*WHAT YOU ARE ASKED TO DO*: With the pictures omitted, set down exactly the lines from the one that contains "Verfassung der Deutschen" through the last line of the data.

*COLLECTED MATERIAL*:
_____

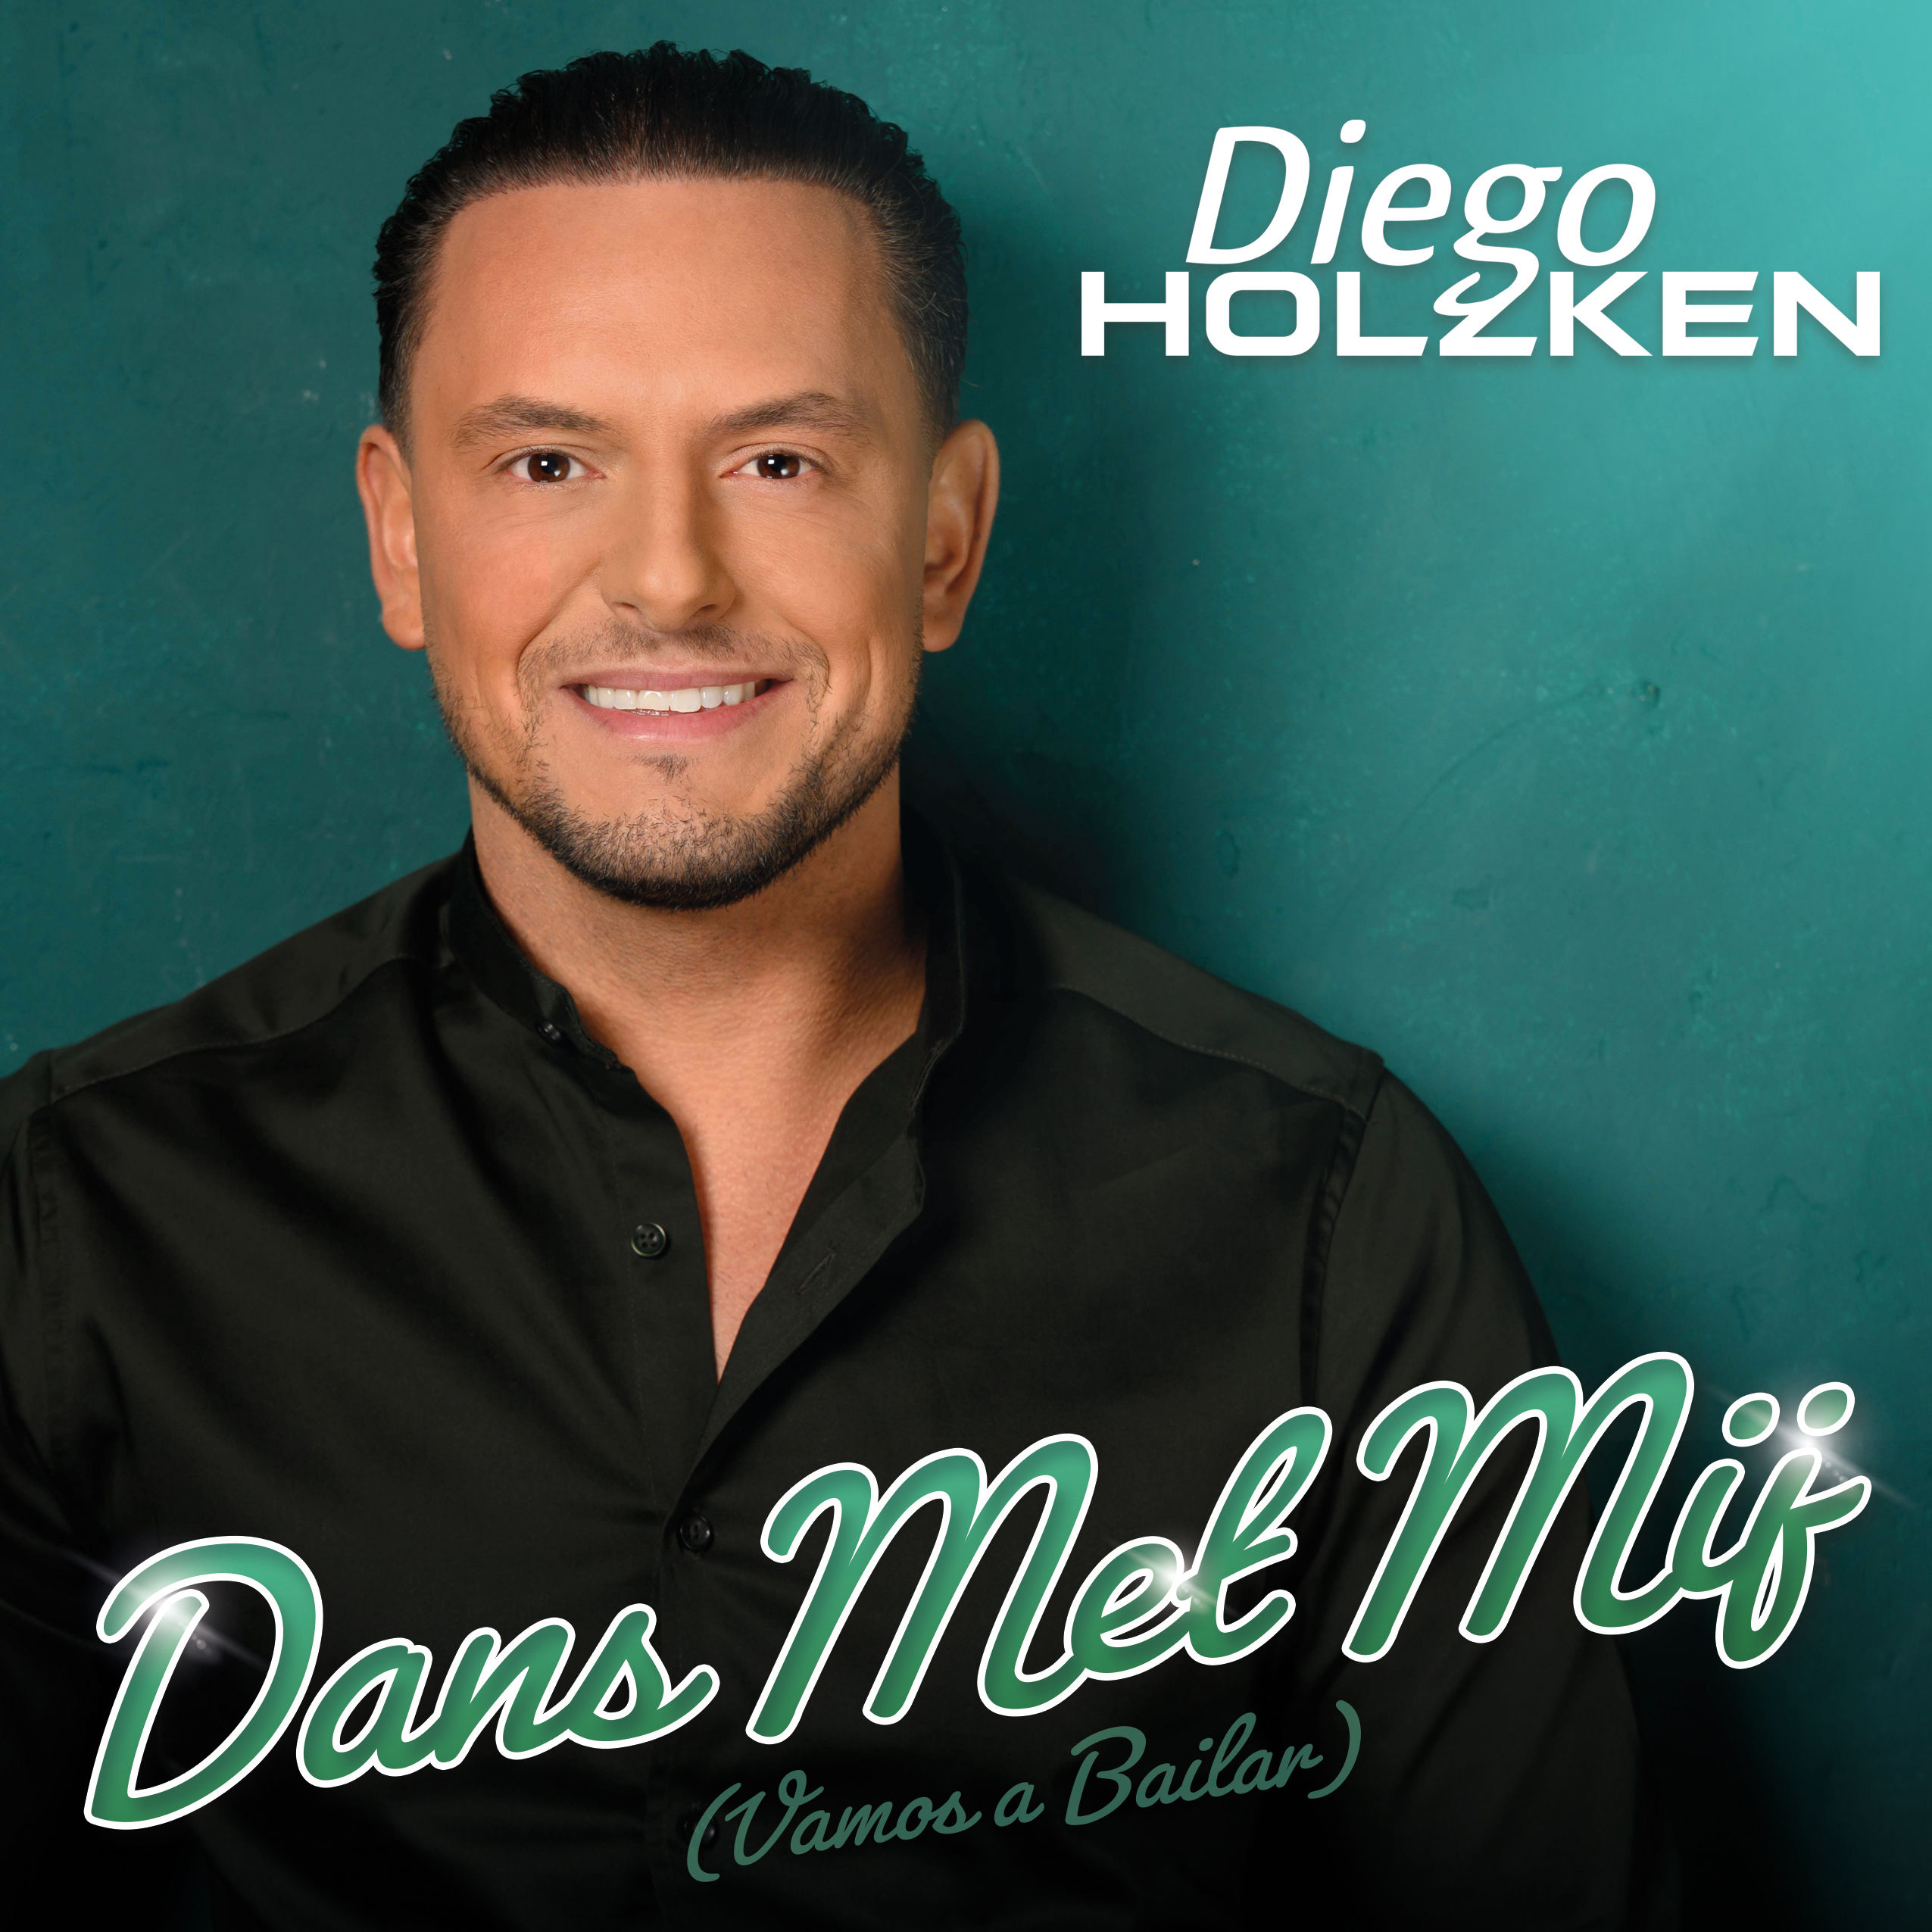 Diego Holzken - Dans Met Mij (Vamos A Bailar)
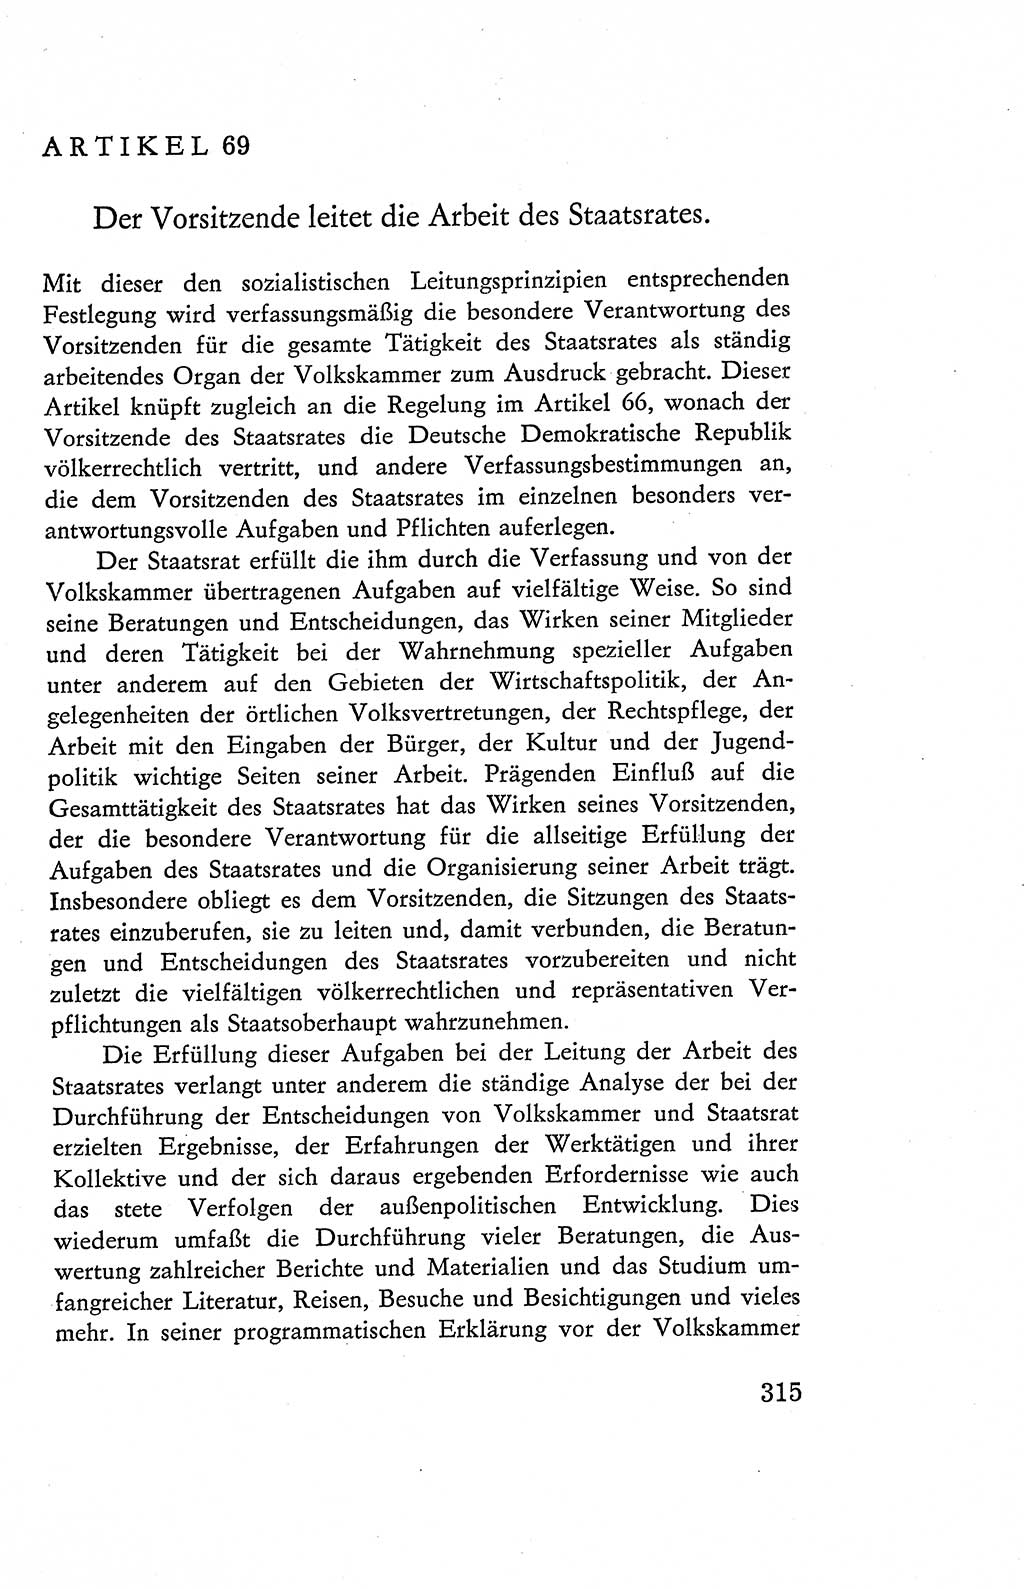 Verfassung der Deutschen Demokratischen Republik (DDR), Dokumente, Kommentar 1969, Band 2, Seite 315 (Verf. DDR Dok. Komm. 1969, Bd. 2, S. 315)
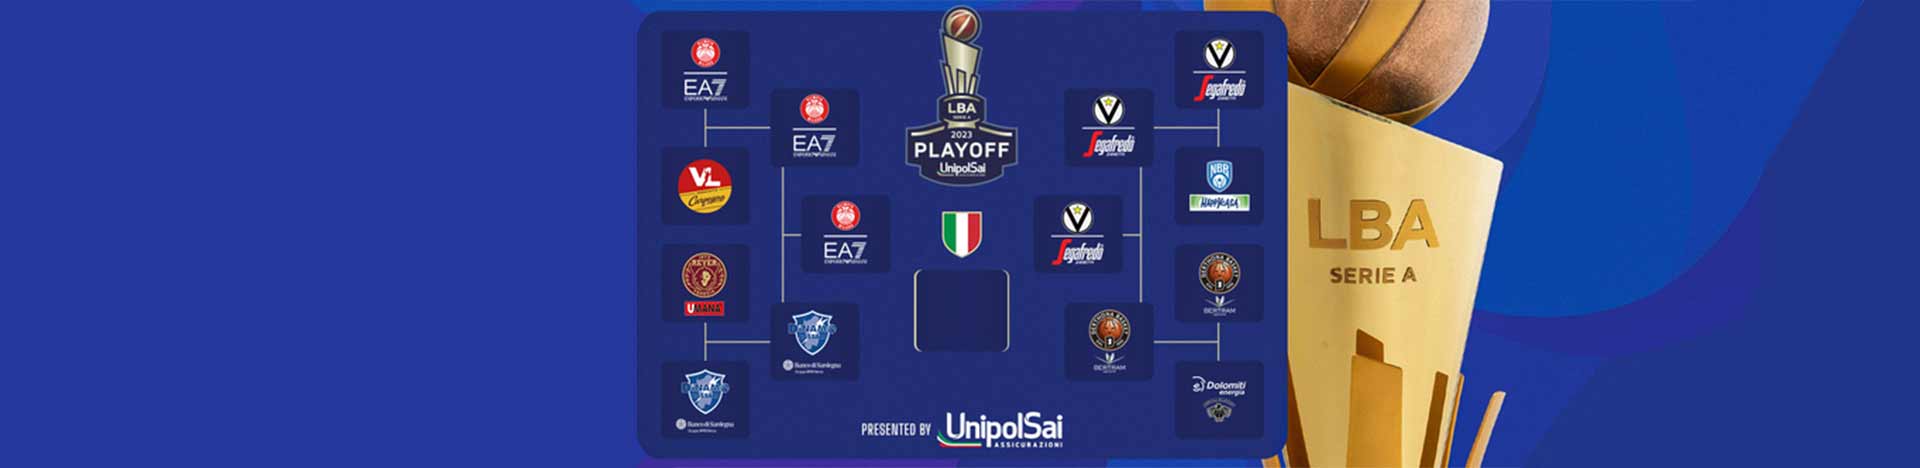 Serie A UnipolSai 2022/23 Finale playoff Gara6: <br>tabellone, risultati e programma prossime gare

_____

*ANSWER AREA*:
 Verfassung der Deutschen Demokratischen Republik (DDR), Dokumente, Kommentar 1969, Band 2, Seite 315 (Verf. DDR Dok. Komm. 1969, Bd. 2, S. 315)
 Serie A UnipolSai 2022/23 Finale playoff Gara6: <br>tabellone, risultati e programma prossime gare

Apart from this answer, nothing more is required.